La bibliografia sul tema è infinita e intreccia saperi diversi.

 

Sto leggendo La filosofia del sogno (Castelvecchi, 2020) di Ágnes Heller. È un testo incompiuto, uscito postumo, divertente e stimolante. L’idea iniziale era esplorare i racconti onirici dei filosofi, inseguire le connessioni tra “immaginazione creativa inconscia” e la sua influenza sul loro pensiero cosciente. Poi la ricerca si è allargata ai sogni nella Bibbia, ai sogni in Shakespeare, ai sogni rappresentativi del Ventesimo secolo, da Bergman ad Adorno (agli intrecci onirici della scuola di Francoforte…). Per concludere che Io che sogna e io del sogno “hanno qualcosa in comune, che assieme integra e limita entrambi, vale a dire la realtà materiale dell’esperienza”. Provare a leggere i sogni con le categorie dell’estetica, come si propone l’autrice, riporta a Freud che, all’inizio di Il perturbante (1919), definisce l’estetica come “teoria della qualità del nostro sentire”. E contribuisce alla riflessione sul potere delle immagini. 

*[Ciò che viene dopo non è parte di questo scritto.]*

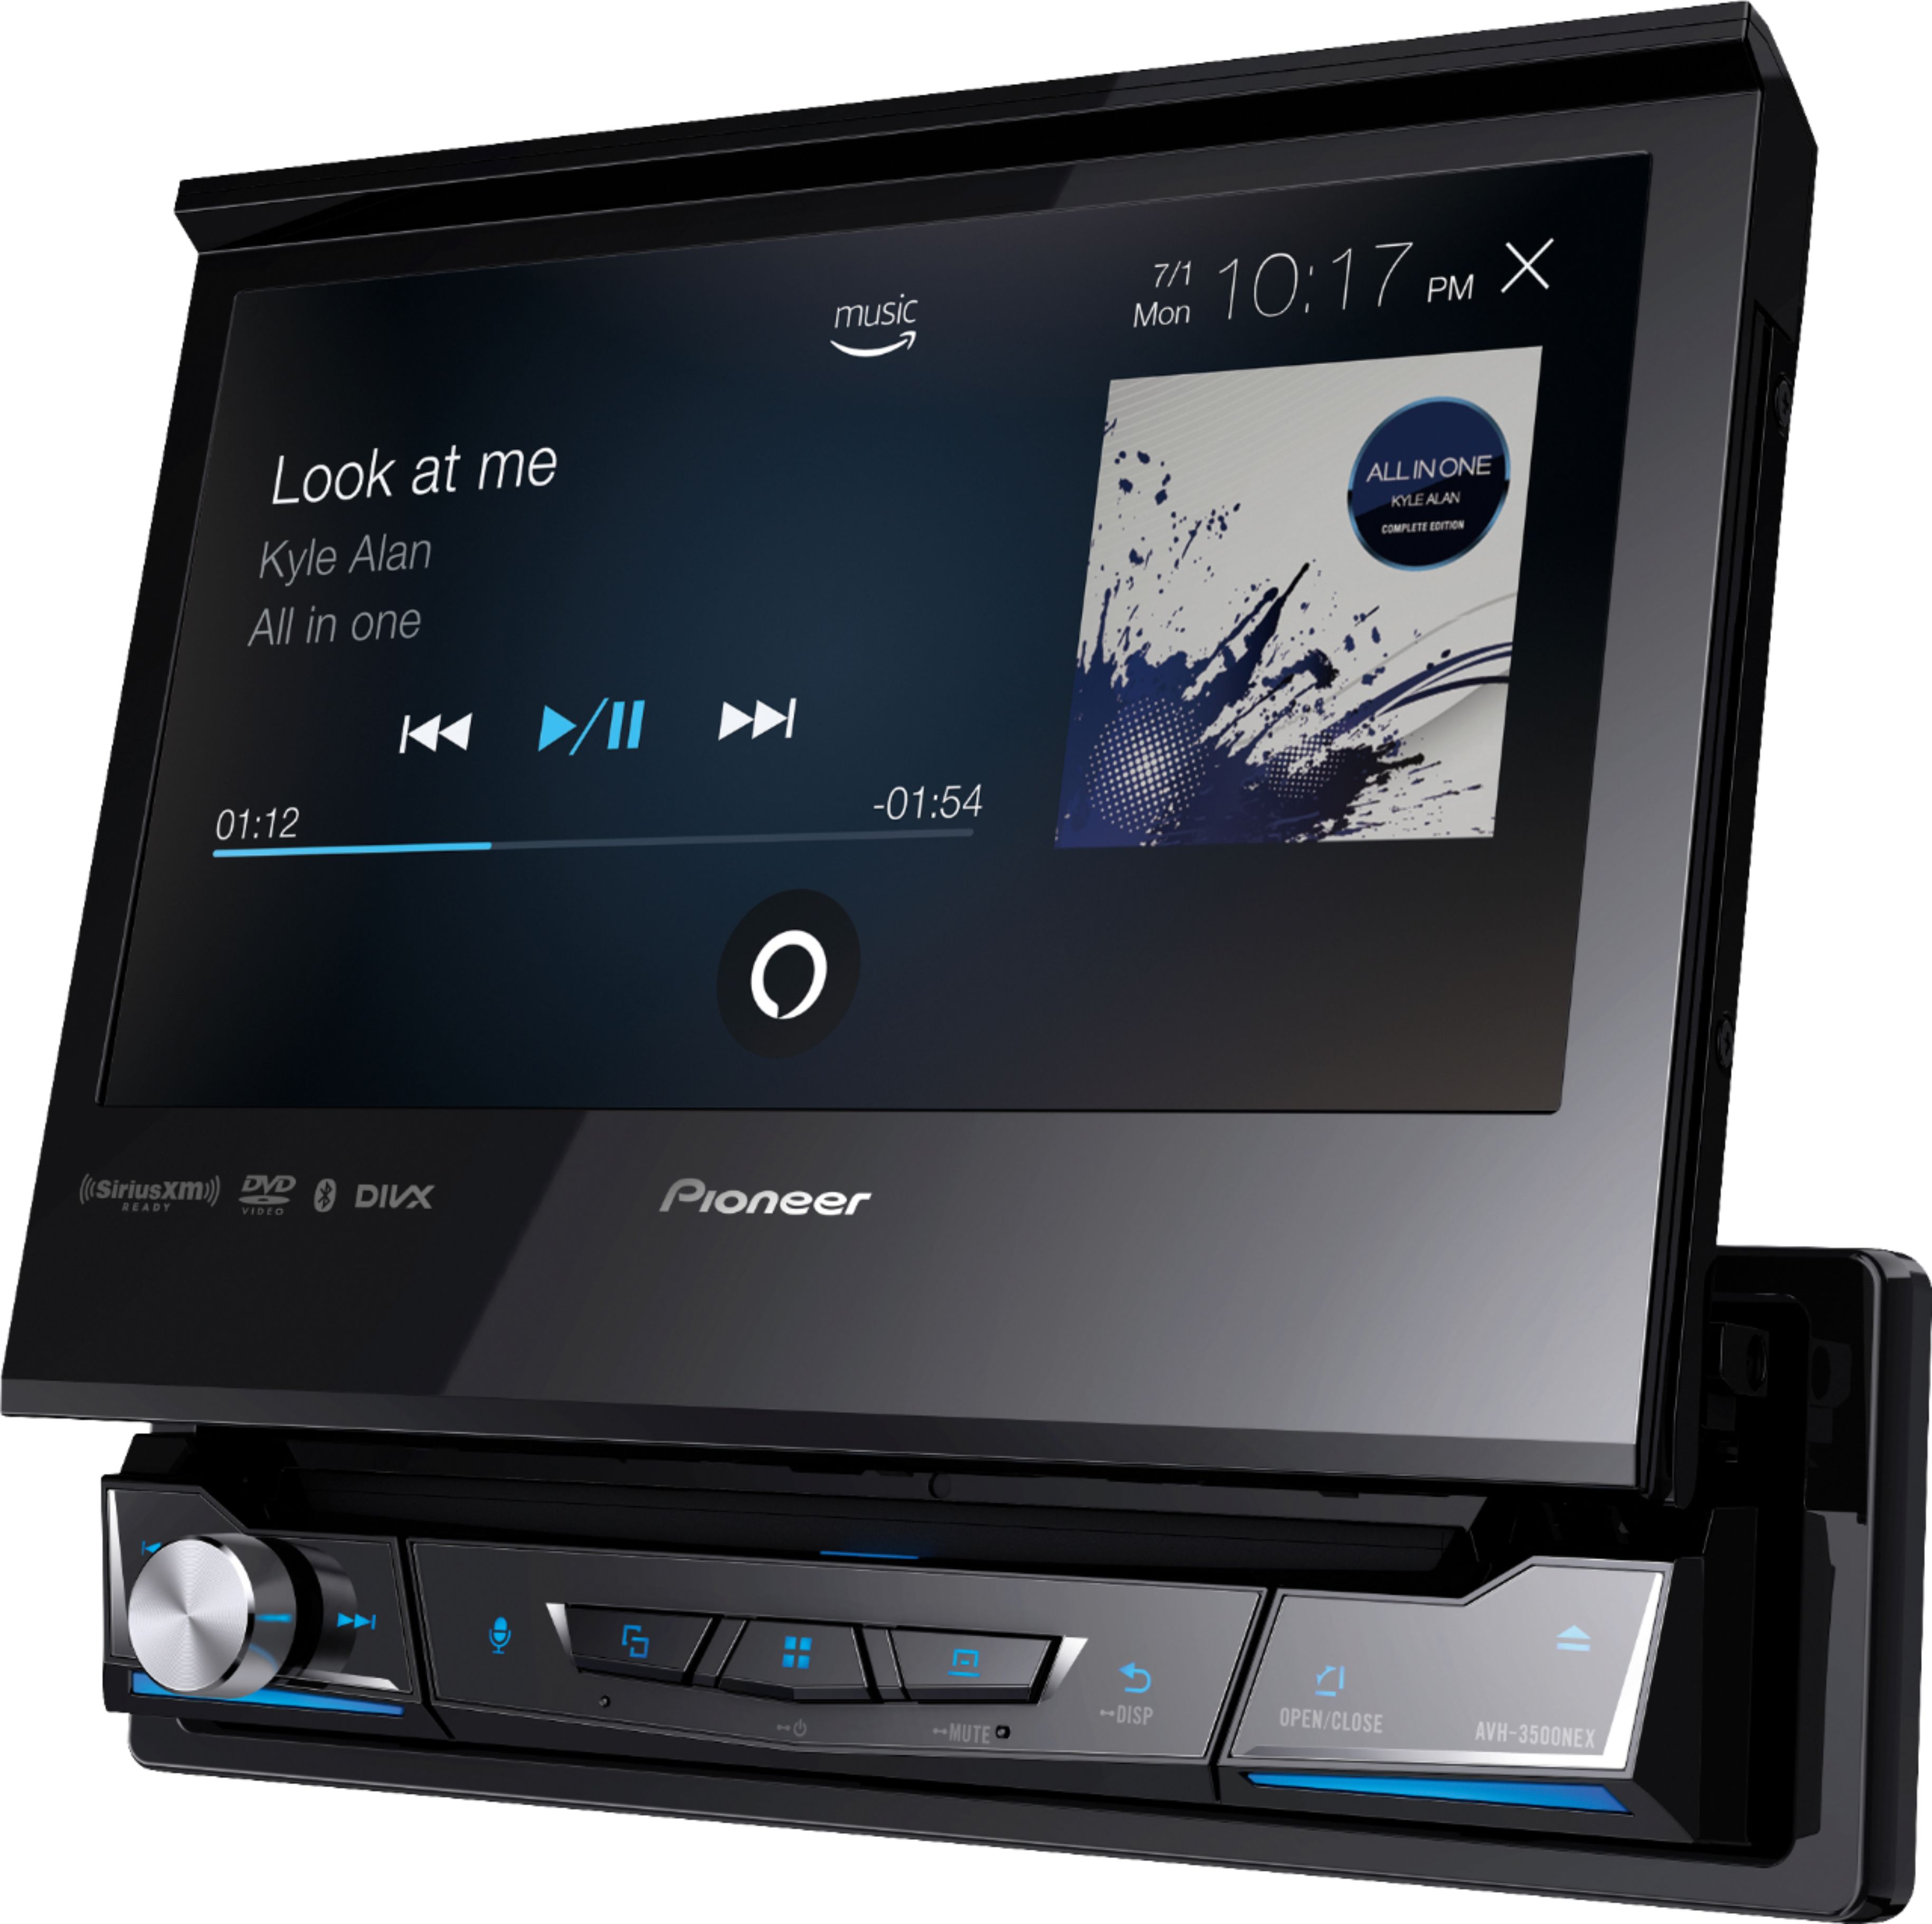 Autoradio Pioneer MVH-330DAB 1DIN Bluetooth MP3 USB Compatibile con Android  4988028478239

Sappiamo che possono creare panico, come è accaduto anche a chi si è esposto troppe ore al giorno alle radiazioni televisive durante la prima fase della pandemia. Per questo è necessario attivare la capacità individuale di “pensare per immagini” – è l’espressione che usa Freud in L’Io e l’Es (1922) –, per affrontarle con “responsabilità etica”, come consiglia Jung. 

 

Il quadro astratto, Senza titolo, di Edo Murtić, un noto pittore croato, è quello che vedo appena entro in casa. Rappresenta una continuità. E anche un’eredità, l’est Europa investiva in quadri e tappeti. Diventare terapeuta mi ha liberato, ha legittimato il piacere di avere di fronte una rappresentazione con la quale dialogare. È il lavoro che ora chiede di lasciarmi andare alla contemplazione. Non solo perché ho meno timore dei miei sogni, ma perché mi autorizza a ricaricarmi con le immagini – il bisogno di immagini è una necessità biologica, diceva Warburg. Ad andare a cercarle, nelle chiese e nei musei e alle mostre, dove il consumo non riesce a corroderle. A sceglierle: possiedo una grande collezione di cartoline.

La scoperta della psicoanalisi è rivoluzionaria, perché democratica: condensare la nostra esistenza in un racconto per immagini è qualcosa che possiamo fare tutti.